Mais uma vez a Tyrrell recorreu a Johnny Herbert – só que, desta vez, ele não conseguiu uma vaga entre os 26 do grid. Palmer fez uma boa corrida, largando de 18º para somar mais um ponto com o 6º lugar. E a alguns quilômetros dali, no circuito Bugatti de Le Mans, Alesi também terminava em sexto na corrida ganha por Erik Comas, para chegar a 39 pontos e se consagrar campeão da Fórmula 3000 de 1989.
Motivado pelo título conquistado uma semana antes, o francês chegou cheio de moral para a disputa do GP da Espanha, em Jerez de la Frontera. E Alesi fez um corridão: largou em nono, quatro posições à frente e sete décimos mais rápido que Palmer na qualificação – e terminou num impressionante 4º lugar, com a oitava volta mais rápida da corrida. O britânico chegou em 10º e último entre os que terminaram, certo de que sua carreira na categoria máxima estava perto do fim.
Nas duas corridas finais, Alesi não repetiu o mesmo desempenho: enfrentou problemas mecânicos no GP do Japão e também na Austrália. Palmer encerrou sua trajetória na Fórmula 1 abandonando na 20ª volta em Suzuka, com um vazamento de óleo em sua Tyrrell – uma vez que não se classificou para a disputa da corrida final da temporada, em Adelaide.
Com 50% do total de pontos somados pela equipe em 1989, Jean Alesi justificou o investimento e foi, disparado, a grande revelação da Fórmula 1 naquele ano, eclipsando Alboreto e destruindo a carreira de Jonathan Palmer. No Mundial de Construtores, “Tio” Ken comemorou um surpreendente quinto lugar e a sua nova descoberta.
A pergunta que pairava no ar era: até onde Jean Alesi poderia chegar em 1990?

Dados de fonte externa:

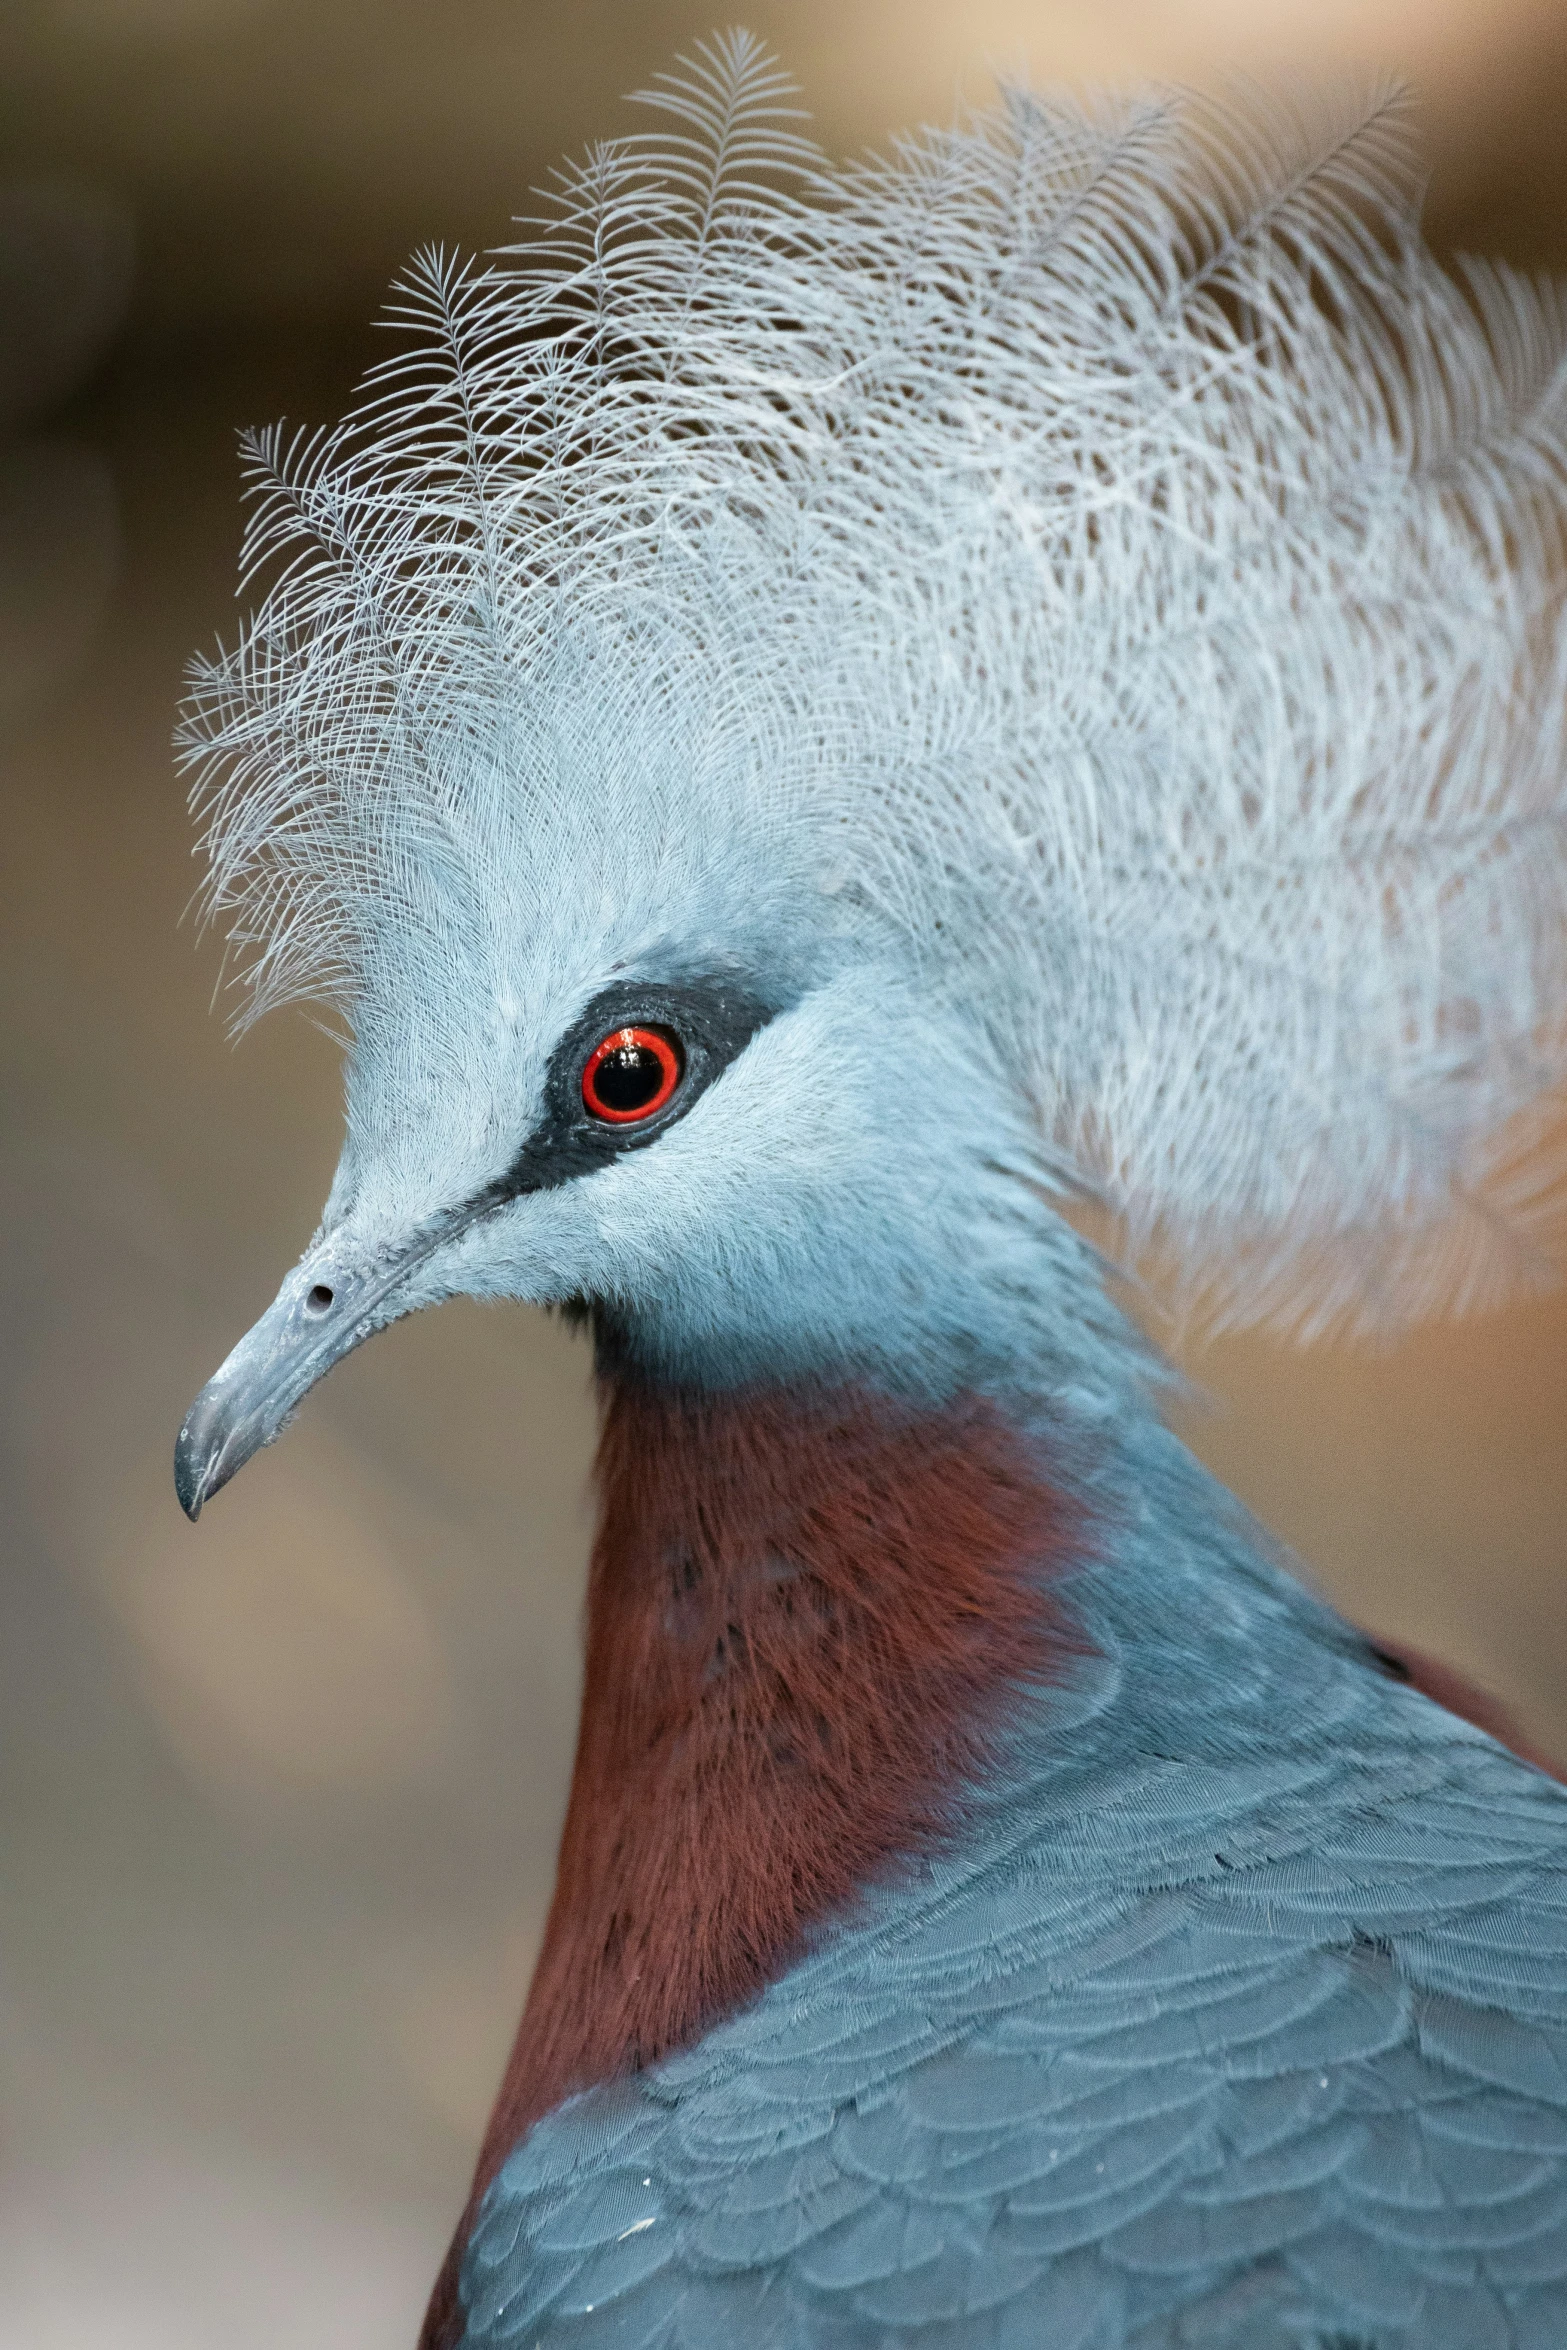 a bird with white hair and red eyes looking at soing

Respostas, no próximo post.
Grande Rodrigo!
Mais um belo texto desta bela “novela Tyrrell” que você nos apresenta. Hoje minha produtividade caiu com os posts que você nos brindou, mas minha felicidade se multiplicou. ABRAÇO! Obrigado!!!
Que bom que gostou! Abraços!
Muito bom. Eu me recordo bem da impressão que o Jean Alesi causou nesta temporada.
Ansiosamente aguardando voce falar de 1990 e de um dos meus carros favoritos, o 019 !
Que venha o Tyrrell de Bigodes !!!
Rodrigo, ja tem uma ideia de quando lançara a a temporada de 90 sobre a Tyrell
Quando me sobrar tempo para falar da Tyrrell de novo.